Career Advice for the Supremely Talented

Originally published by Robert Hatta on February 21, 2017.

In my role as Talent Partner at Drive Capital, I match supremely talented people with jobs in our portfolio companies.

A few weeks ago, I spent time with one such supremely talented person. She’d graduated at the top of her class from a prestigious university and, later, law school. Her track record since is nothing short of stellar. She has all the qualities tech startups look for — intelligence, intensity, adaptability and grit. She can do anything she wants. The problem is that she can do anything she wants.

Therein lies the struggle: supremely talented people aren’t looking for jobs. They are looking for companies. More specifically, they are looking for companies solving meaningful problems, full of inspiring people and high-impact opportunities.

Most people don’t think this way. When asked where they want to take their career, I usually hear functional role descriptions or job titles. But when I ask them to describe a project or professional outcome they are most proud of, I get a totally different answer. They tell me about the super smart people they worked with, the hard problems they solved and the impact of their work. Often, their tone and body language shifts noticeably. They lean in.

To recreate those moments of career joy, I advise job seekers to instead become company seekers. To become company seekers, you must first articulate what you’re looking for in three buckets: people, problems and payoff.

It’s all about the people

Anyone can describe the sort of colleagues they enjoy working with — high performing, collaborative, and transparent are words I often hear. What are the qualities you want in your next boss and co-workers? Name former colleagues or managers that have these qualities. Where do they work now? Are they hiring?

You can also look for companies on Glassdoor whose employees describe their culture, referencing values that resonate with you. The famous Netflix Culture Deck is not so much an HR document as it is a recruiting tool. Check out culturecodes.co for a sampling of hundreds of companies who’ve published similar culture manifestos. Today there are lots of ways to identify companies full of the people that will motivate and inspire you.

What keeps you up at night?

Does it drive you nuts that visiting the doctor is like stepping into a technology time machine back to 1987? Then a company like CrossChx will excite you. Have you or has someone in your family been touched by addiction? Triggr Health is using cutting edge technology to keep addicts in long-term recovery. Does it drive you crazy that car insurance is priced using your credit score instead of your actual driving ability? Root Insurance uses your actual driving behavior to set premiums.

There’s a reason every tech startup says they are changing the world. That’s because smart, talented people need to connect with a bigger purpose than just making stuff, selling stuff and getting paid. Identify the problems you care about solving in the world.

The real payday is not what you think it is

Getting paid is important, but it’s not the most important thing when evaluating career opportunities. It’s not even the second most important factor. A recent study by Glassdoor found that compensation and benefits ranked sixth, representing less than 15% of the relative contribution to job satisfaction.
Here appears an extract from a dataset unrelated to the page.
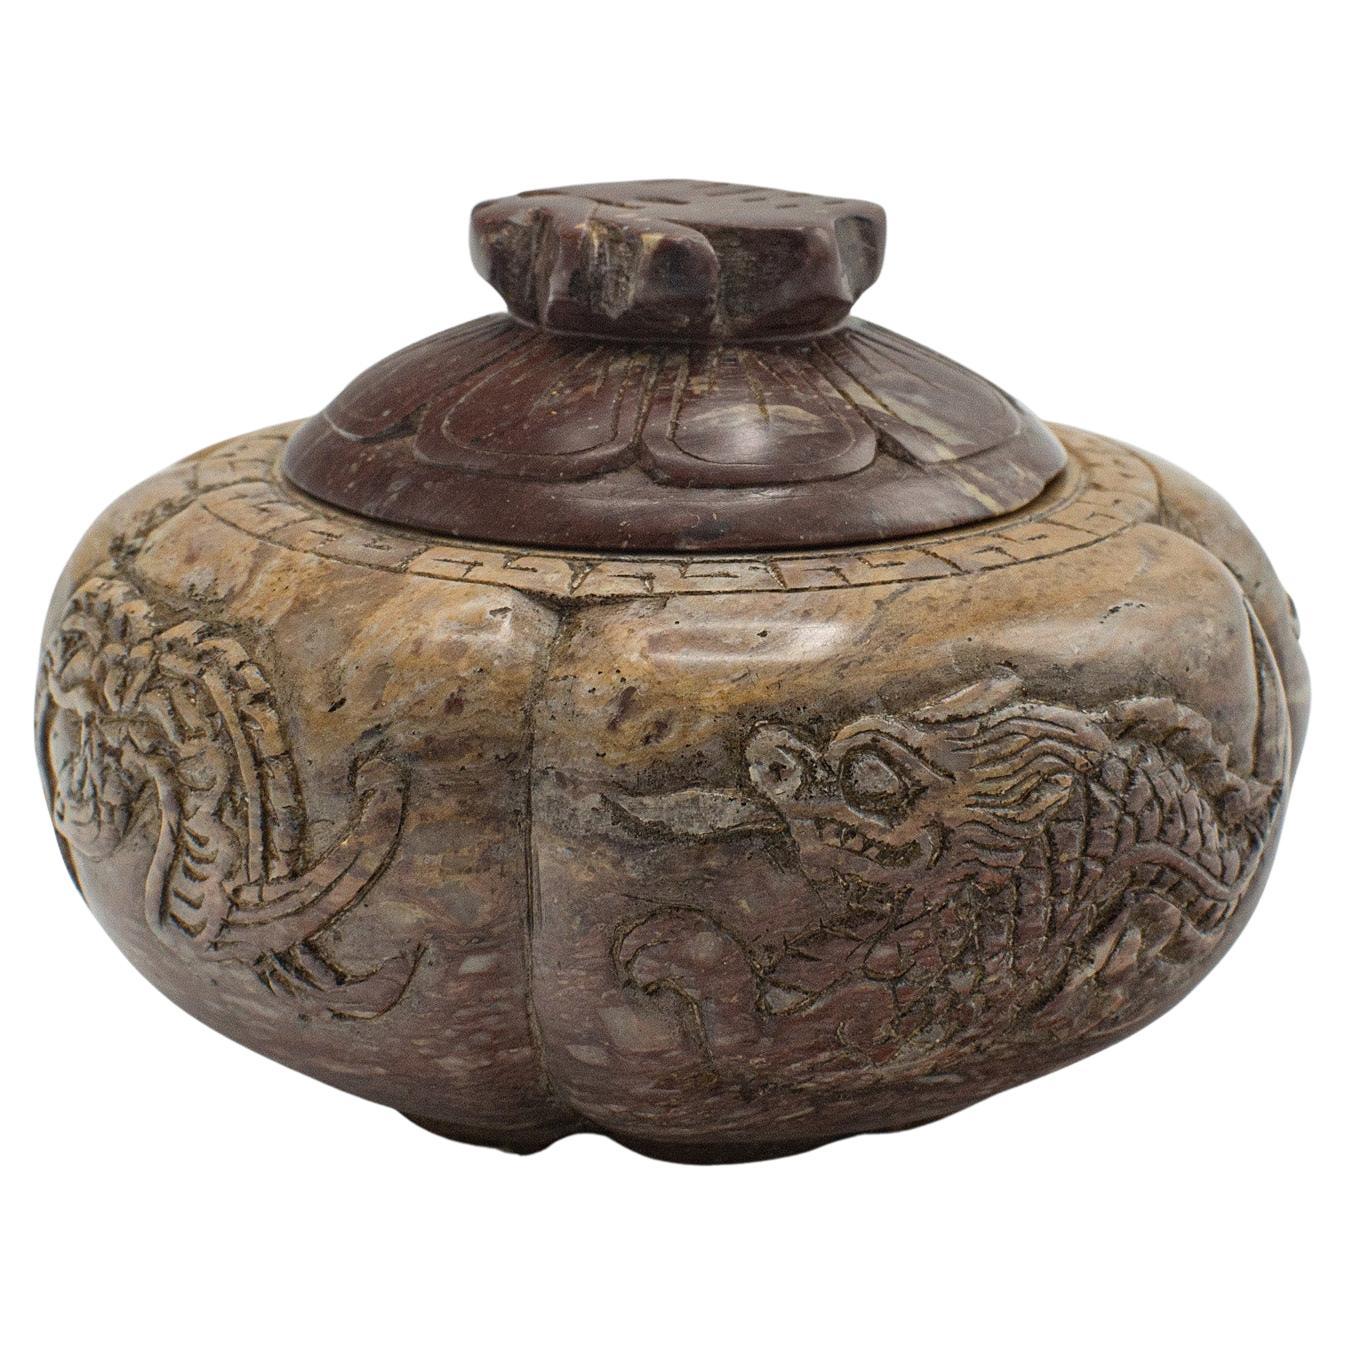 Small Antique Lidded Pot, Chinese, Carved, Soapstone, Snuff Jar, Victorian, 1900

When I talk about payoff, I’m talking about meaningful impact toward building something big. People beam when they describe tangible outcomes for which they were responsible. I still have a plaque commemorating our millionth subscriber at Netflix (which is funny when you consider that Netflix has over 90 million subscribers now).

Want to have impact and feel like your work matters? Focus on companies at a stage where your work can be felt across the whole organization.

Any job will do

This exercise of thinking in these three buckets helps articulate what drives and motivates you. That can be very powerful not just in finding companies to target, but also in presenting yourself to them. Driven and motivated people can be persuasive in getting jobs for which they aren’t obviously qualified or even creating jobs that don’t currently exist.

Spend some time asking yourself what sort of people, problems and payoff drive and motivate you. You’ll find that it’s easier identifying a great job after you’ve found a great company first.